Abstract:
Continuous renal replacement therapy (CRRT) is a widely used treatment modality for critically ill patients with acute kidney injury. The choice of vascular access route is a critical factor in determining the effectiveness of CRRT and its effects on hemodynamic stability. This study aimed to compare the effectiveness and hemodynamic effects of CRRT via the internal jugular vein (IJV) and femoral vein (FV).

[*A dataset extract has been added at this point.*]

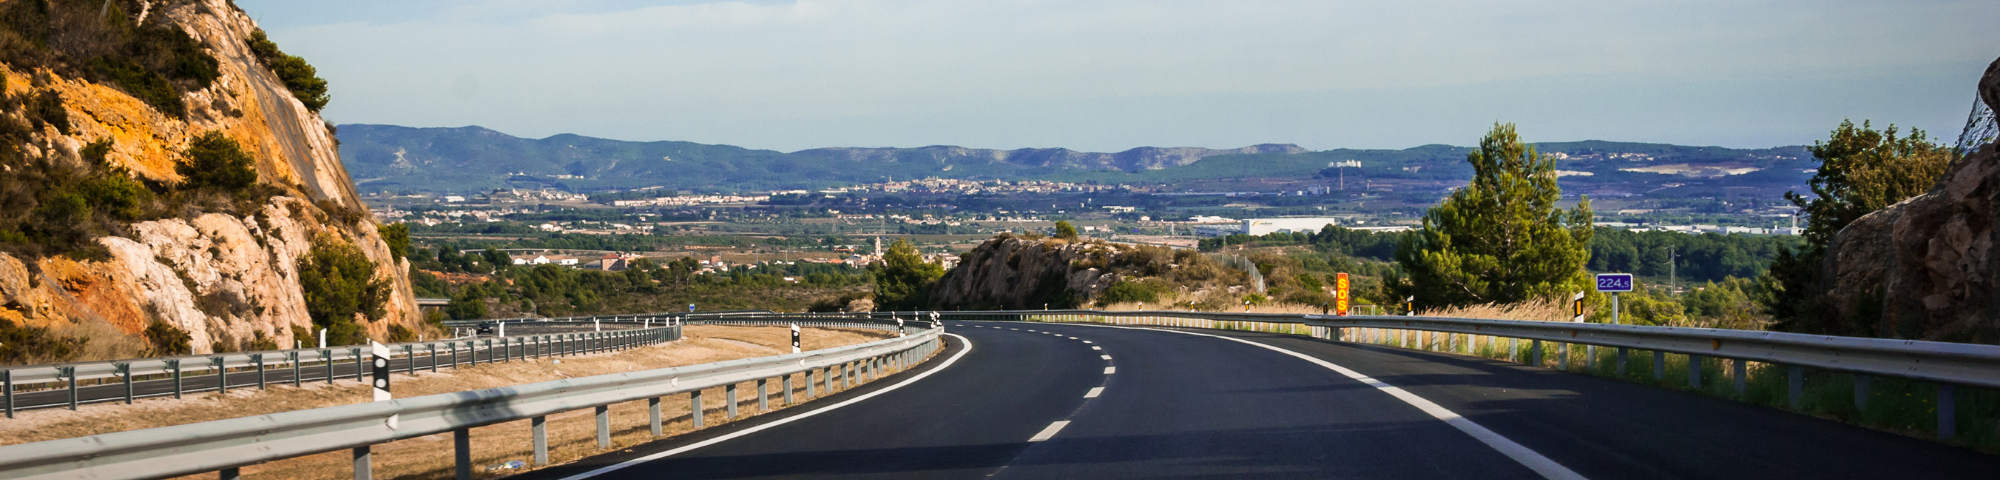 Image of a road heading to Barcelona

A total of 102 patients admitted to the intensive care unit who required CRRT were included in this prospective cohort study. Patients were divided into the IJV group and FV group based on the vascular access route used. Hemodynamic parameters (heart rate, systolic, diastolic, and mean arterial pressure), vasopressor requirements, and the effectiveness of CRRT (urea clearance) were evaluated at the onset of CRRT, and at 1 minute, 60 minutes, and 24 hours. There were no significant intergroup differences in demographics, baseline hemodynamic parameters, or CRRT settings. However, vasopressor requirements were significantly higher in the FV group at 24 hours (P = .035). Urea clearance was significantly higher in the IJV group compared to the FV group at 60 minutes (28.3 ± 7.15 mL/min vs 25.53 ± 4.87 mL/min, P = .036), though there was no significant intergroup difference at 24 hours. There were no significant intergroup differences in filter lifespan. The application of CRRT via IJV or FV was not associated with significant hemodynamic instability. However, the FV access route was associated with a higher vasopressor requirement, suggesting potential hemodynamic disadvantages. Furthermore, IJV access was associated with better urea clearance during the early period. These results highlight the importance of vascular access route selection in CRRT and underscore the need for further studies involving larger patient groups.
Reference:Firat A, Akbulut M, Özdemir Ö, Toptaş Firat B. Jugular vein or femoral vein? A comparison of vascular routes based on effectiveness and hemodynamic effects of continuous renal replacement therapy. Medicine (Baltimore). 2026 Jan 9;105(2):e47077. doi: 10.1097/MD.0000000000047077. PMID: 41517722; PMCID: PMC12795071.